2. For our group purpose there is but one ultimate authority—a loving God as He may express Himself in our group conscience. Our leaders are but trusted servants; they do not govern.
3. The only requirement for A.A. membership is a desire to stop drinking.
4. Each group should be autonomous except in matters affecting other groups or A.A. as a whole.
5. Each group has but one primary purpose—to carry its message to the alcoholic who still suffers.
6. An A.A. group ought never endorse, finance, or lend the A.A. name to any related facility or outside enterprise, lest problems of money, property, and prestige divert us from our primary purpose.
7. Every A.A. group ought to be fully self-supporting, declining outside contributions.
8. Alcoholics Anonymous should remain forever nonprofessional, but our service centers may employ special workers.
9. A.A., as such, ought never be organized; but we may create service boards or committees directly responsible to those they serve.
10. Alcoholics Anonymous has no opinion on outside issues; hence the A.A. name ought never be drawn into public controversy.
11. Our public relations policy is based on attraction rather than promotion; we need always maintain personal anonymity at the level of press, radio, and films.
12. Anonymity is the spiritual foundation of all our Traditions, ever reminding us to place principles before personalities.
1. Final responsibility and ultimate authority for A.A. world services should always reside in the collective conscience of our whole Fellowship.
2. The General Service Conference of A.A. has become, for nearly every practical purpose, the active voice and the effective conscience of our whole society in its world affairs
3. To insure effective leadership, we should endow each element of A.A.—the Conference, the General Service Board and its service corporations, staffs, committees, and executives—with a traditional “Right of Decision.”
4. At all responsible levels, we ought to maintain a traditional “Right of Participation,” allowing a voting representation in reasonable proportion to the responsibility that each must discharge.
5. Throughout our structure, a traditional “Right of Appeal” ought to prevail, so that minority opinion will be heard and personal grievances receive careful consideration.
6. The Conference recognizes that the chief initiative and active responsibility in most world service matters should be exercised by the trustee members of the Conference acting as the General Service Board.
7. The Charter and Bylaws of the General Service Board are legal instruments, empowering the trustees to manage and conduct world service affairs. The Conference Charter is not a legal document; it relies upon tradition and the A.A. purse for final effectiveness.
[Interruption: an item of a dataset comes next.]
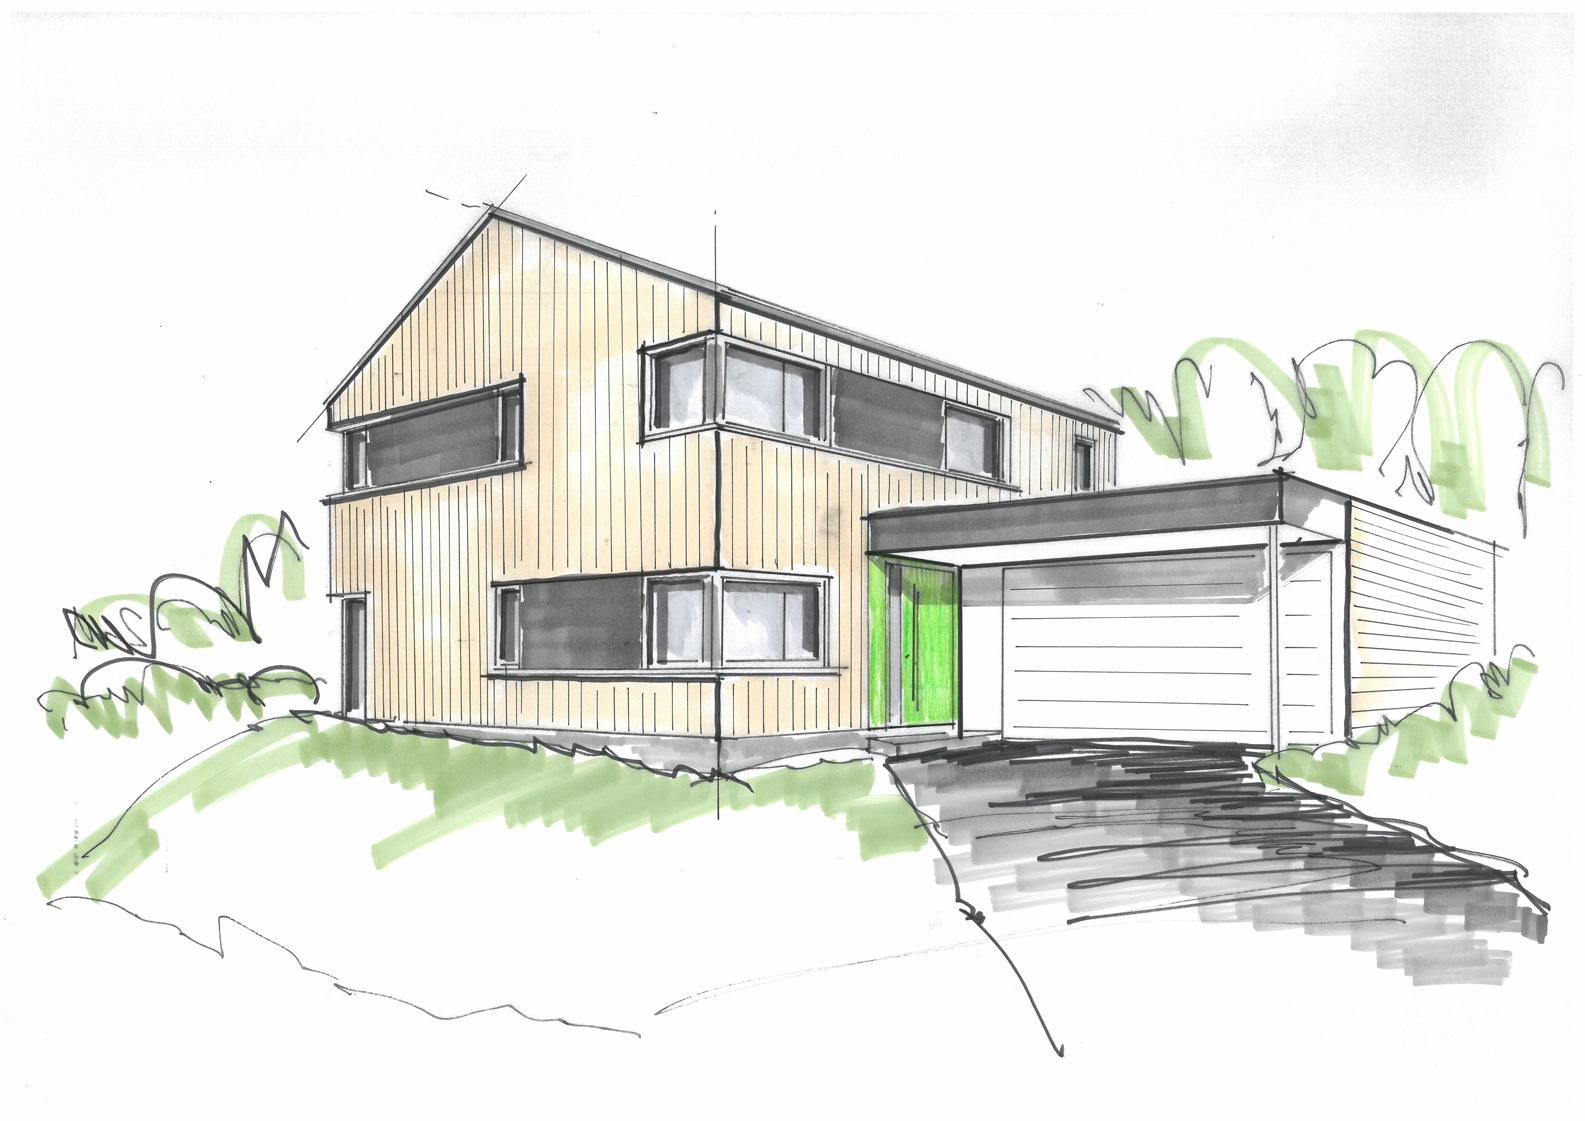 Neubau einfamilienholzhaus im gr nen der holzbau schweiz for Neubau einfamilienhaus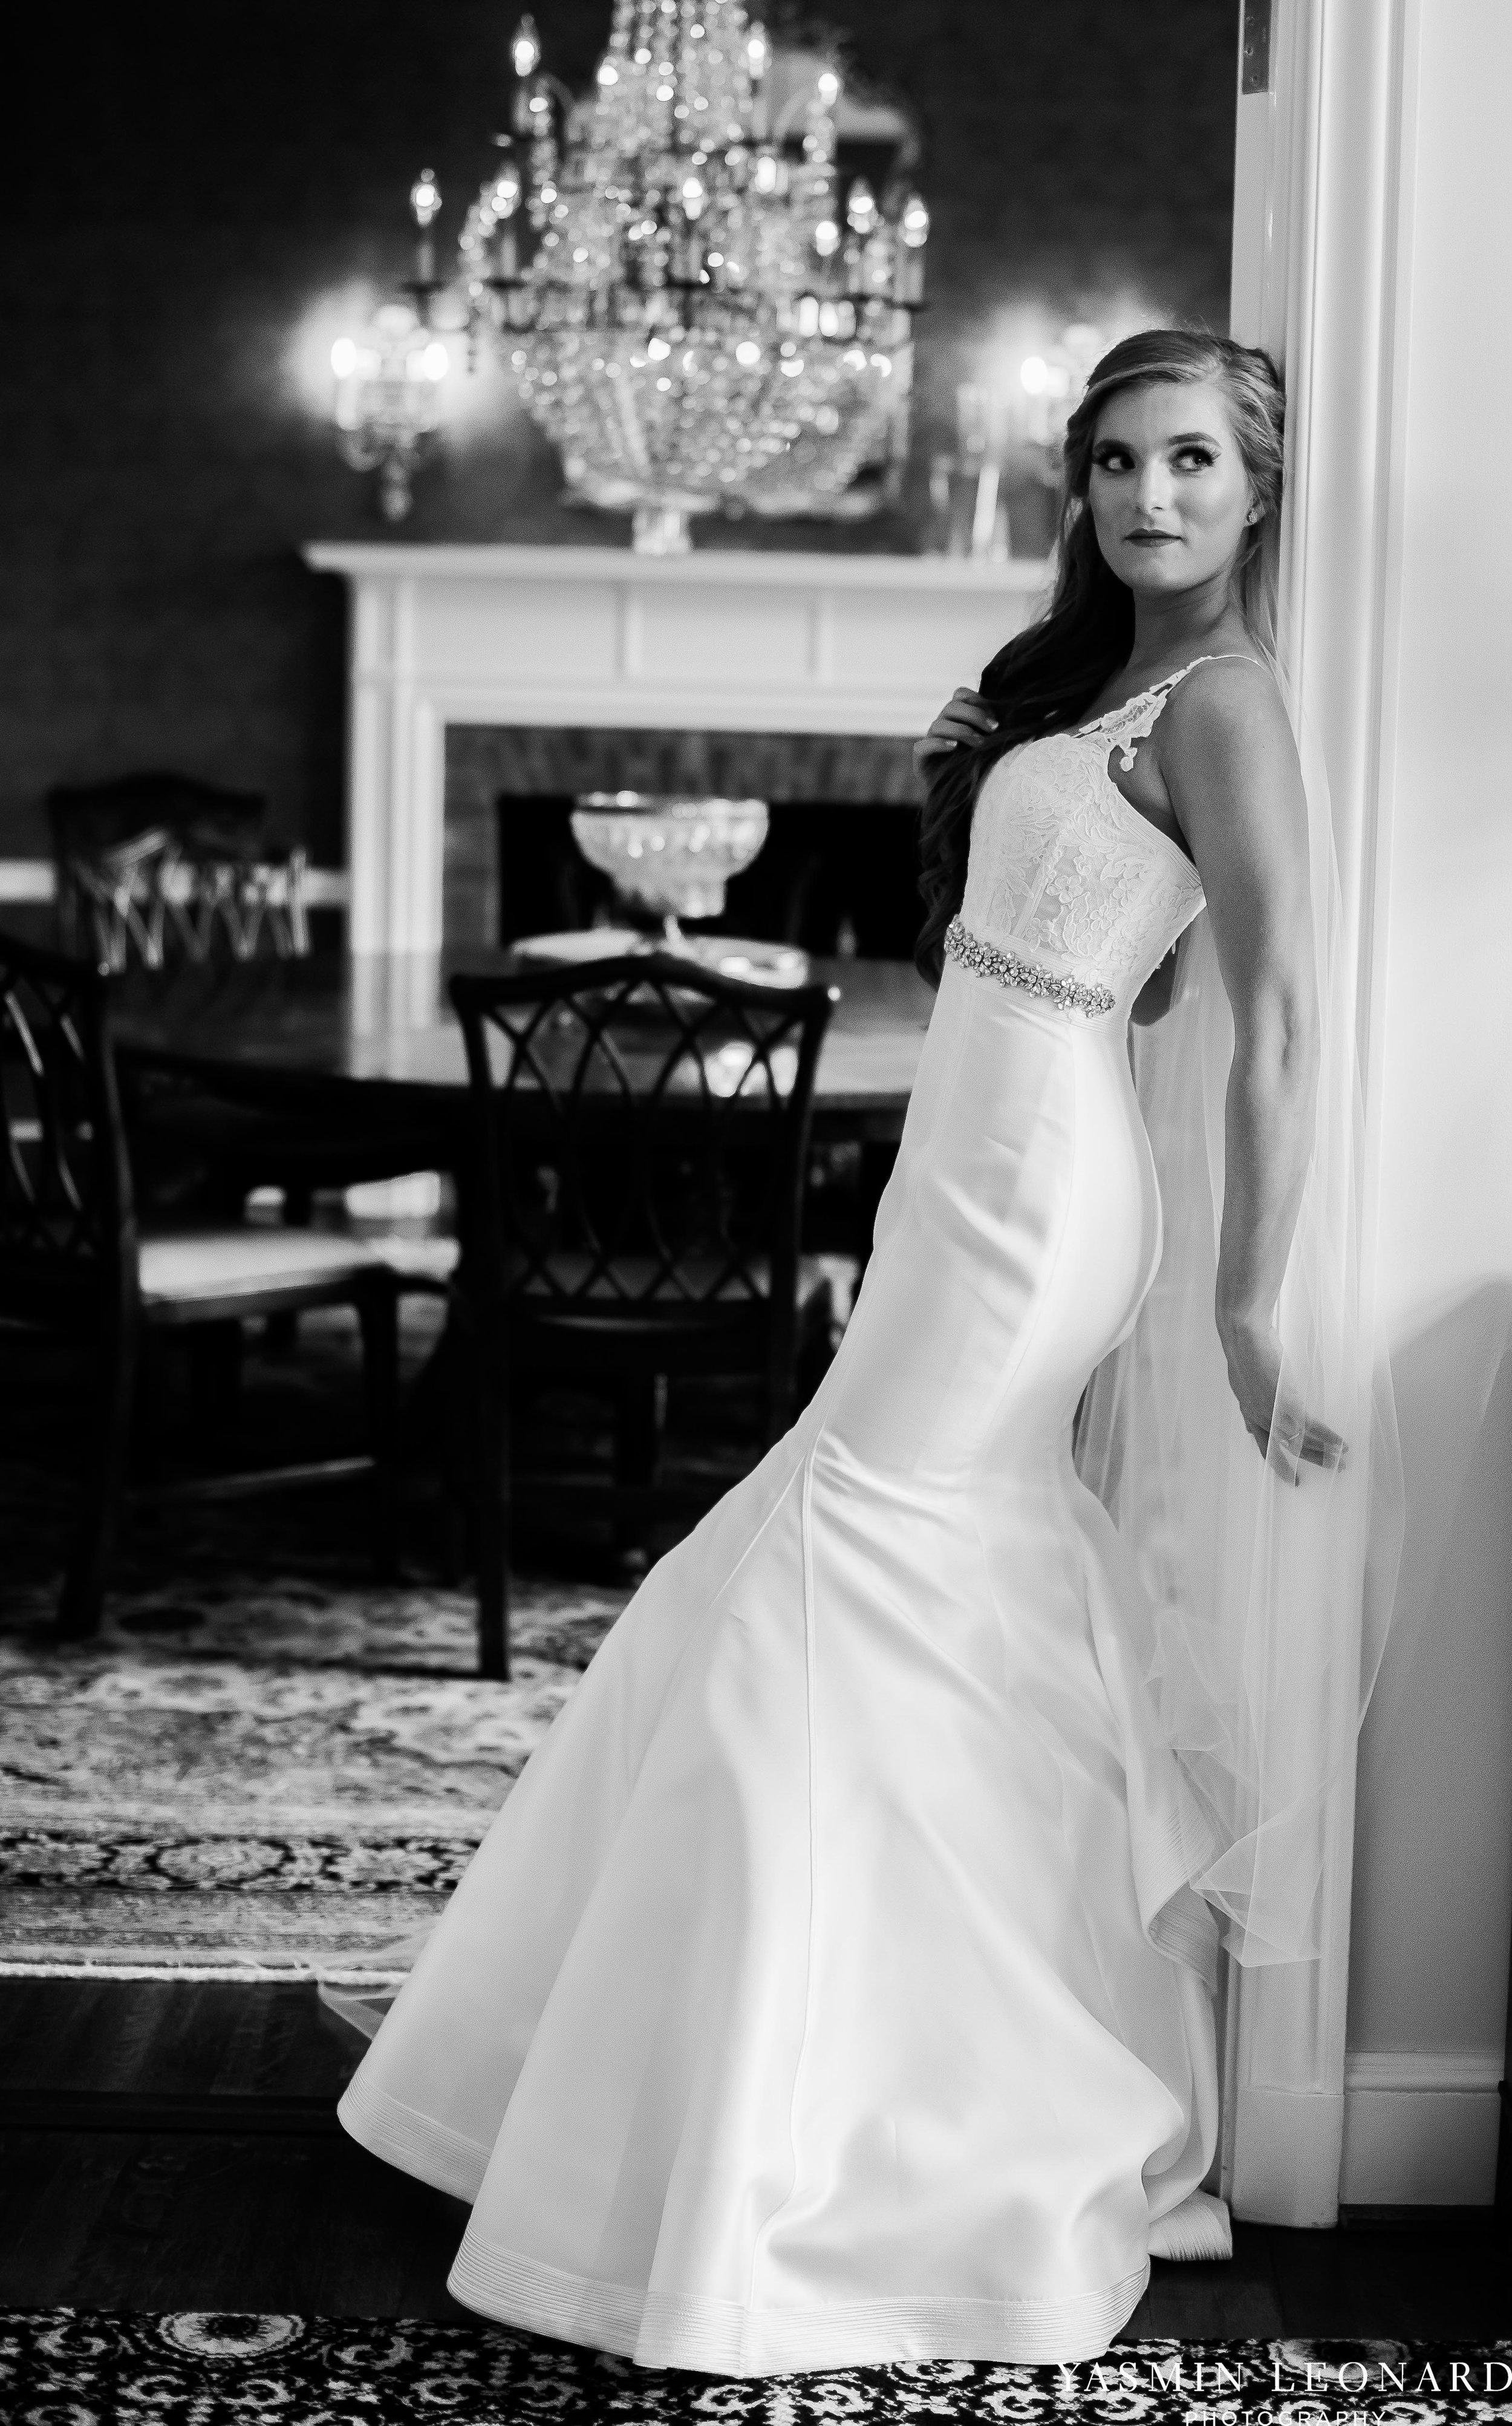 Boxwood Estate - Boxwood Estate Wedding - Luxury Wedding - Black and White Wedding - NC Wedding Venues - NC Weddings - NC Photographer - Lantern Release Grand Exit - Large Wedding Party - Yasmin Leonard Photography-17.jpg

8. The trustees are the principal planners and administrators of over-all policy and finance. They have custodial oversight of the separately incorporated and constantly active services, exercising this through their ability to elect all the directors of these entities.
9. Good service leadership at all levels is indispensable for our future functioning and safety. Primary world service leadership, once exercised by the founders, must necessarily be assumed by the trustees
10. Every service responsibility should be matched by an equal service authority, with the scope of such authority well defined.
11. The trustees should always have the best possible committees, corporate service directors, executives, staffs, and consultants. Composition, qualifications, induction procedures, and rights and duties will always be matters of serious concern.
12. The Conference shall observe the spirit of A.A. tradition, taking care that it never becomes the seat of perilous wealth or power; that sufficient operating funds and reserve be its prudent financial principle; that it place none of its members in a position of unqualified authority over others; that it reach all important decisions by discussion, vote, and whenever possible, substantial unanimity; that its actions never be personally punitive nor an incitement to public controversy; that it never perform acts of government; that, like the Society it serves, it will always remain democratic in thought and action.